Anyway, I will not write an essay about the hardware and leave it for another tutorial so I can focus on the C++ but there is nothing stopping you from searching more information related to hardware logic of computers and you should note that what I write down is not 100% (if even 40%) somewhere near the reality especially if its about computer hardware.

In the below there is example of machine and assembly language, but before you take a look at them, I must emphasize that there are many different versions of these codes for different systems so they may differ in their own field. You should also remember that C is not same as C# (CSharp) or C++ even though they are similar and belong to the “same programming language group”.

Machine Language
0000 0000 0000 0000 0000 0000 0000 0000 0000 0000 0000 0000 0000 0000 0000 0000 9222 9120 1121 A120 1121 A121 7211 0000 0000 0001 0002 0003 0004 0005 0006 0007 0008 0009 000A 000B 000C 000D 000E 000F 0000 0000 0000 FE10 FACE CAFE ACED CEDE 1234 5678 9ABC DEF0 0000 0000 F00D 0000 0000 0000 EEEE 1111 EEEE 1111 0000 0000 B1B2 F1F5 0000 0000 0000 0000 0000 0000

Assembly Language
title Hello World Program (hello.asm)
;This program displays “hello, World!”

dosseg
.model small
.stack 100h

.data
hello_message db ‘Hello, World!’, Odh, Oah,’$’

.code
main proc
mov ax @data
move ds, ax

mov ah, 9
mov dx, offset hello_message
int 21h

mov ax, 4c00h
int 21h
main endp
end  main

C programming language
#include < studio.h >
void main()
{
printf(“Hello World”);
}

So you now understand that it’s another topic to write an efficient program that uses every bit of memory  than  writing a code that in a way is fast to write and easy to comprehend but you do not have so much power over the hardware. The funny part is as you can see that to manage your hardware performance and processing better, you have to write more code to achieve this which should remind you of the example when the programmers used the punch cards in the 1970’s where to program these huge room sized computers, they had to use cards where the holes in it would represent ones and zeros. The bad side of both the ancient punch cards and modern console machine language programming was that when the error occurred, the shit hit the fan (sorry for the language). To debug the errors, the scientist and now days the programmers had to go through this mind boggling amounts of information on the screen with a reference paper near them trying to figure out where the logic went wrong. To search for more information just Google programming punch cards and here’s one link that might be interesting to read.

Anyway back to the topic.
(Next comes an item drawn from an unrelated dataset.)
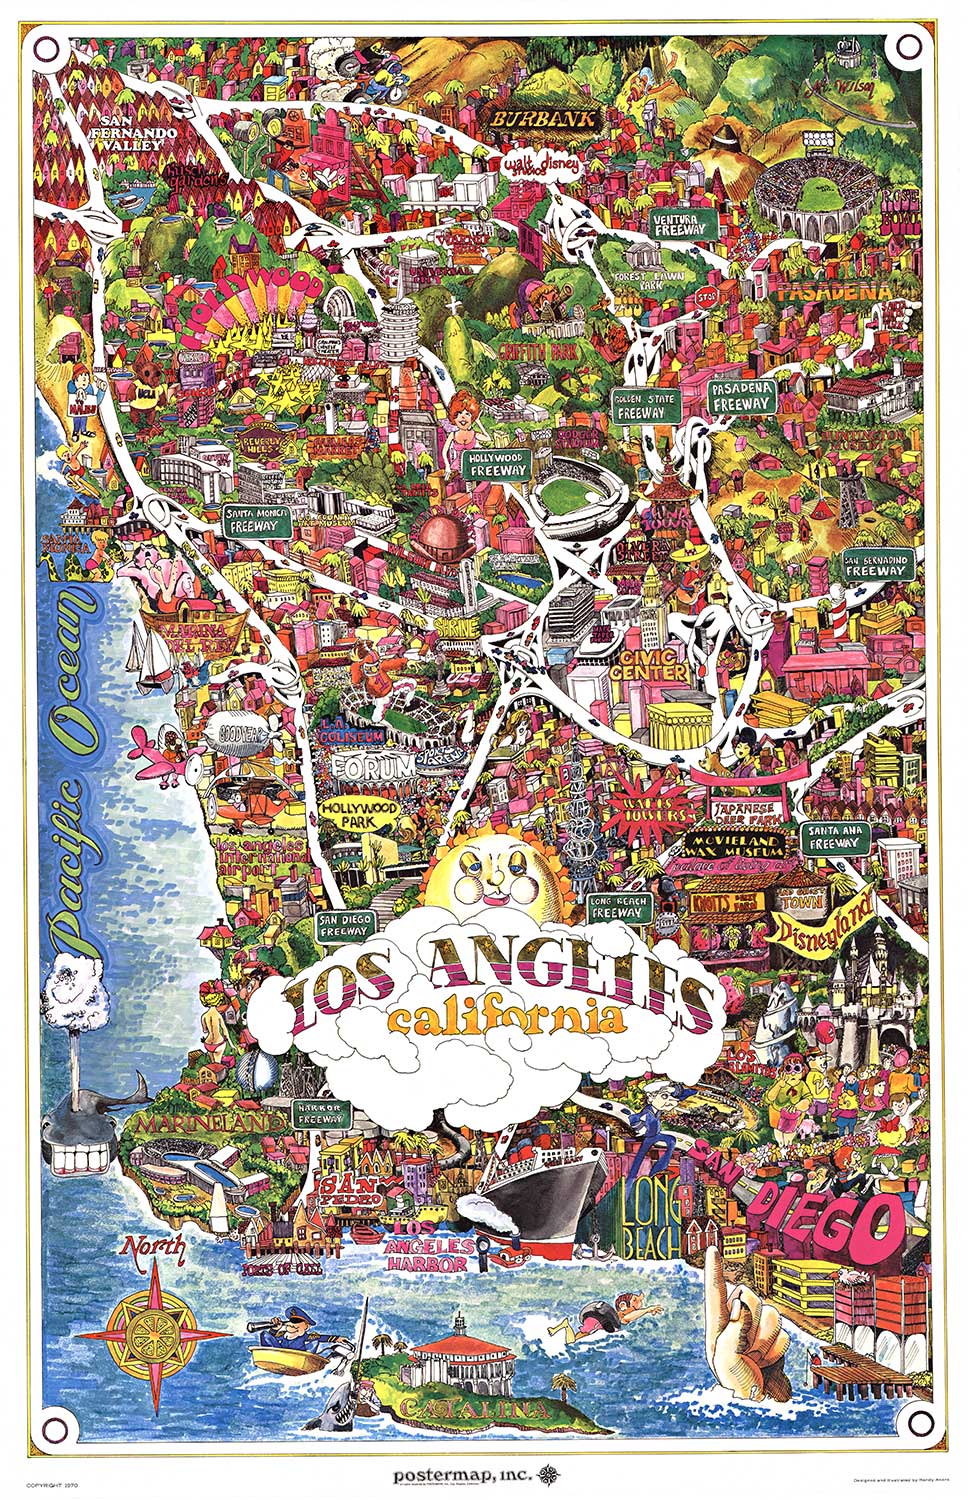 Los Angeles California fun map

You can use a good programming style with high level languages and create programs that uses every variable in a smart and logical way so you do not fill your class with many different unused junks of code and that is the main aim in today’s object oriented world but you are forgiven if your code does not follow the standards in your basic training.

CLASS (.cpp)
A class by the way is the saved C++ program for example your helloWorld.cpp class file when you saved your work when you wrote the code in your compiler or command line. Different classes in C++ can and will use other classes by referencing to them and using them but that is a more advanced topic that we are not going to go in this part but one understandable example could be the importation of different libraries in the beginning of your program in the #include … syntax where you may or may not reference to a class file depending on the library you are calling. That is why you can always download more libraries to have more functions in your program. I can also tell you this that knowing the how to use other class files are very important in Object Oriented Programming. For example you can reference to another class by using

The good news is that compilers these days have large set of tools to make your life easy in using many different class files in and out of your program directories. This is usually called “Workplace” but I am not going to go in that topic either so I do not mess your head too much in the process. Just remember that when you create programs, in your class
where that one int main() is located, that it will not be the only class that you will/have to work with. Your code might be many hundreds if not thousands if not tens of thousands of lines in many different classes where you reference and use other classes by sending/communicating values/information back and forth. I dont know if you understand anything right in the beginning if I would tag a link to MIT open university lectures about classes but here is the link. Its good reading.

ALGORITHMS IN PROGRAMMING
The language is a way to solve a particular problem and in order to solve a problem, you have to divide the problem in bits and segment everything in their own place without breaking the while picture meaning that you still must get to the end line/solve the problem i.e. algorithm is a computational procedure/steps that takes a value/values and produces/solves the problem and gives an output depending on the problem. We call this problem solve method algorithmic approach and believe me that If you familiarize yourself with pen and paper approach with your code problems, you will be able to solve complex computational problems. Schneider broke algorithmic approach into different parts/segments where I have listed his view below. I did skip few parts because they did not seem important right now.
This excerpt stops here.